The 5 Biggest Tax Differences Between an LLC and Corporation
Among the many decisions you need to make when launching a business is selecting a business structure. If you do nothing, your business, by default, is structured as either a general partnership (multiple owners) or sole proprietorship (solo owner). These may be the simplest entities to form, but they offer one major drawback: There’s no separation between the business and business owner.
If your partnership or sole proprietorship business is sued or can’t pay its bills, your personal assets can be on the hook. That is why both the Limited Liability Company (LLC) and C corporation, or just corporation, are popular business structures, as they minimize the owner’s personal liability. Yet, they have vastly different approaches to taxation.

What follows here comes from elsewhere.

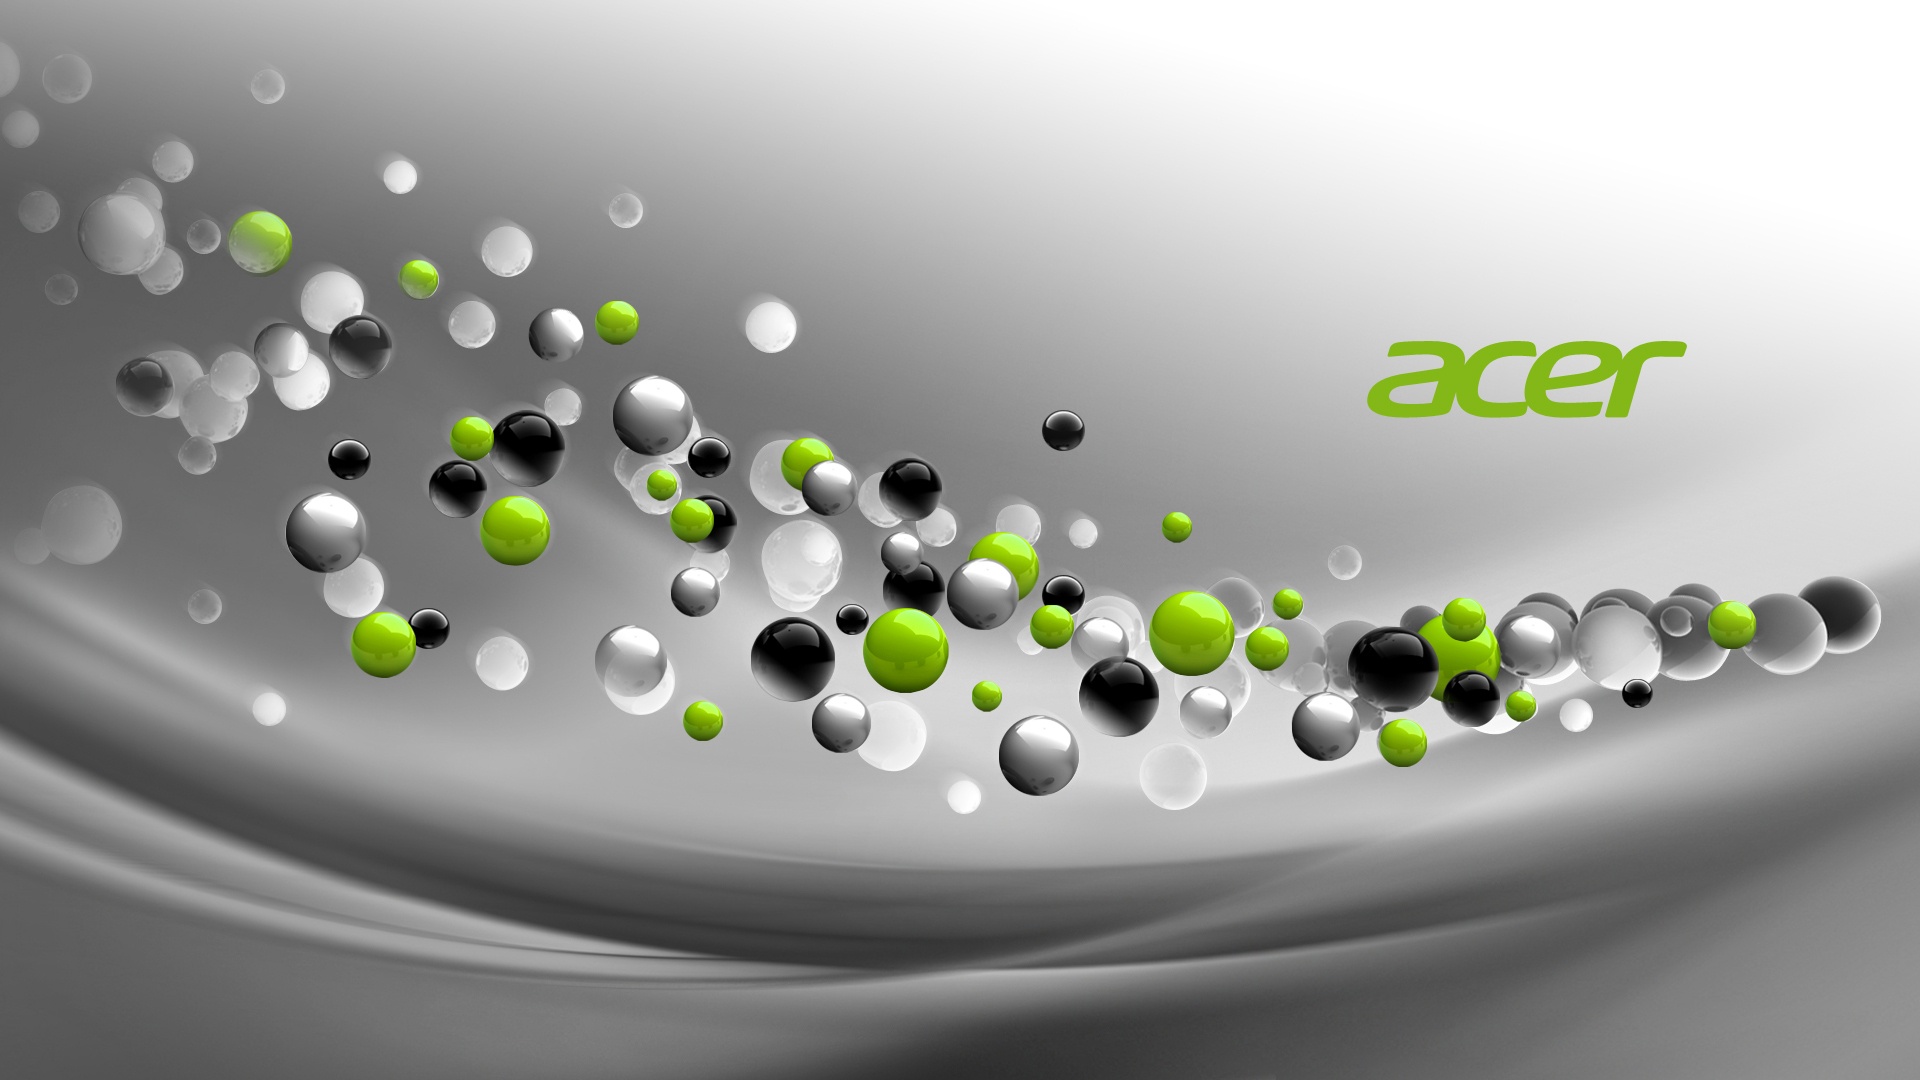 Acer Aspire Theme Wallpapers   1920x1080   306577
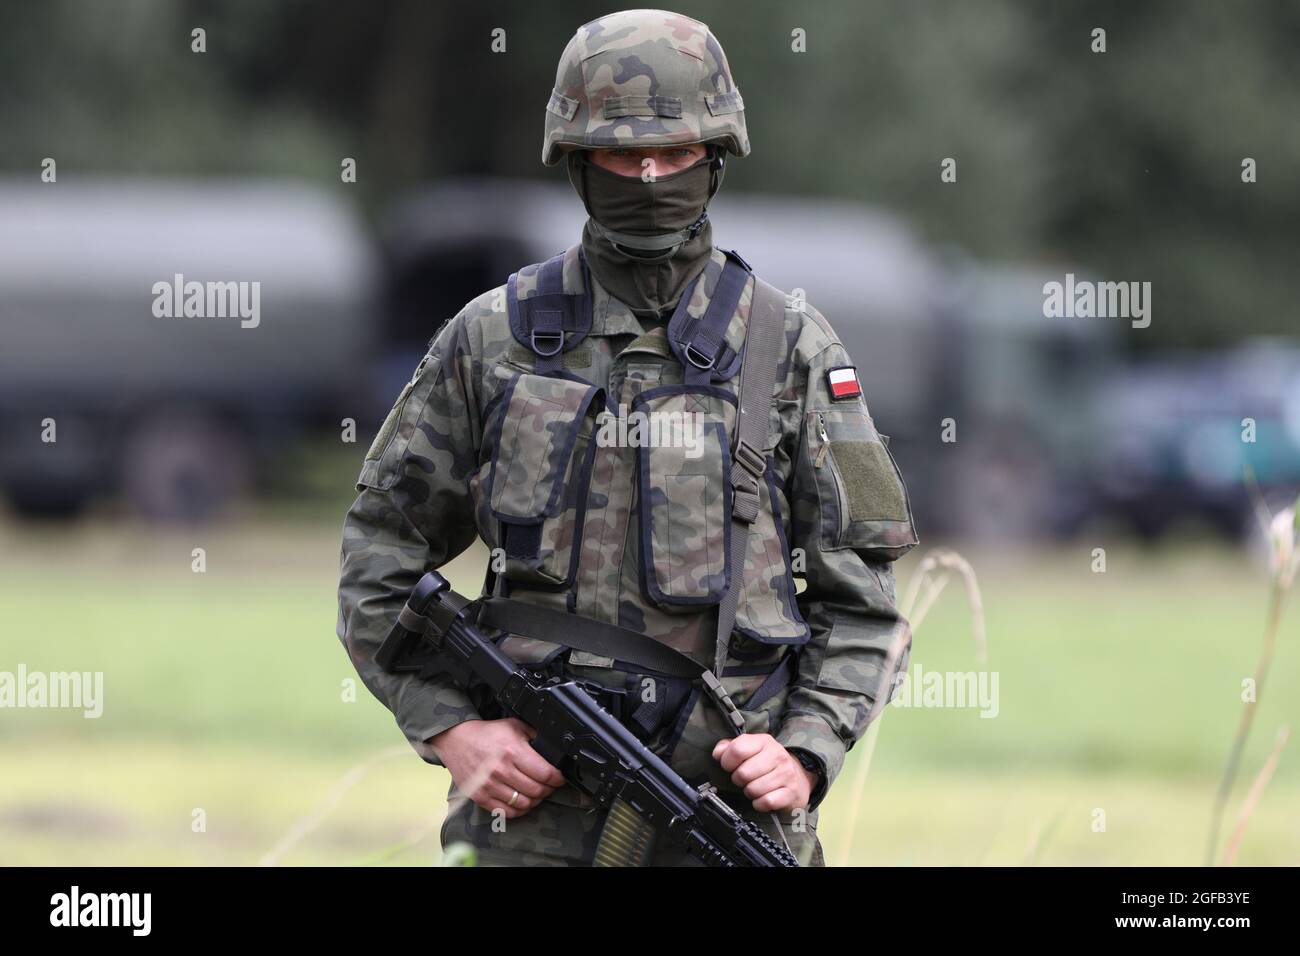 A soldier is seen guarding the area surrounding the border with Belarus where 32 Afghan refugees have been stuck in Usnarz Gorny, Poland on August 24, 2021. For 16 days in a row 32 Afghan refugees have been stuck at the Polsh-Belarusian border without food or shelter. Polish authorities deny the migrants have ever reached Polish soil contraty to reports from local individuals who have stated the group has been pushed back by border guards. In August of this year nearly 3000 refugees have been reported attempting to cross the border compred to less than 100 in all of 2020. The surge in border c Stock Photo

Here we’ll break down the five key differences between how an LLC and corporation are taxed. While these pointers can be a great starting point, you should consult a tax advisor if you have any questions about how these differences apply to your particular situation.
Pass-through business structure vs. non pass-through entity
By default, an LLC is considered a pass-through entity, similar to a sole proprietorship or partnership. This means that the business itself doesn’t pay income taxes on its profits; rather any profits or loss are passed through to the owners (called members) and reported on their personal tax returns.
By contrast, a corporation is considered a separate legal entity and must submit a tax return and pay income taxes on its profits. In some cases, this can lead to “double taxation," where the corporation is taxed on its profits, then when the owners take those profits out, they will need to report the dividend on their personal tax returns. For some small-business owners who are accustomed to taking profits out of the business, double taxation can be costly.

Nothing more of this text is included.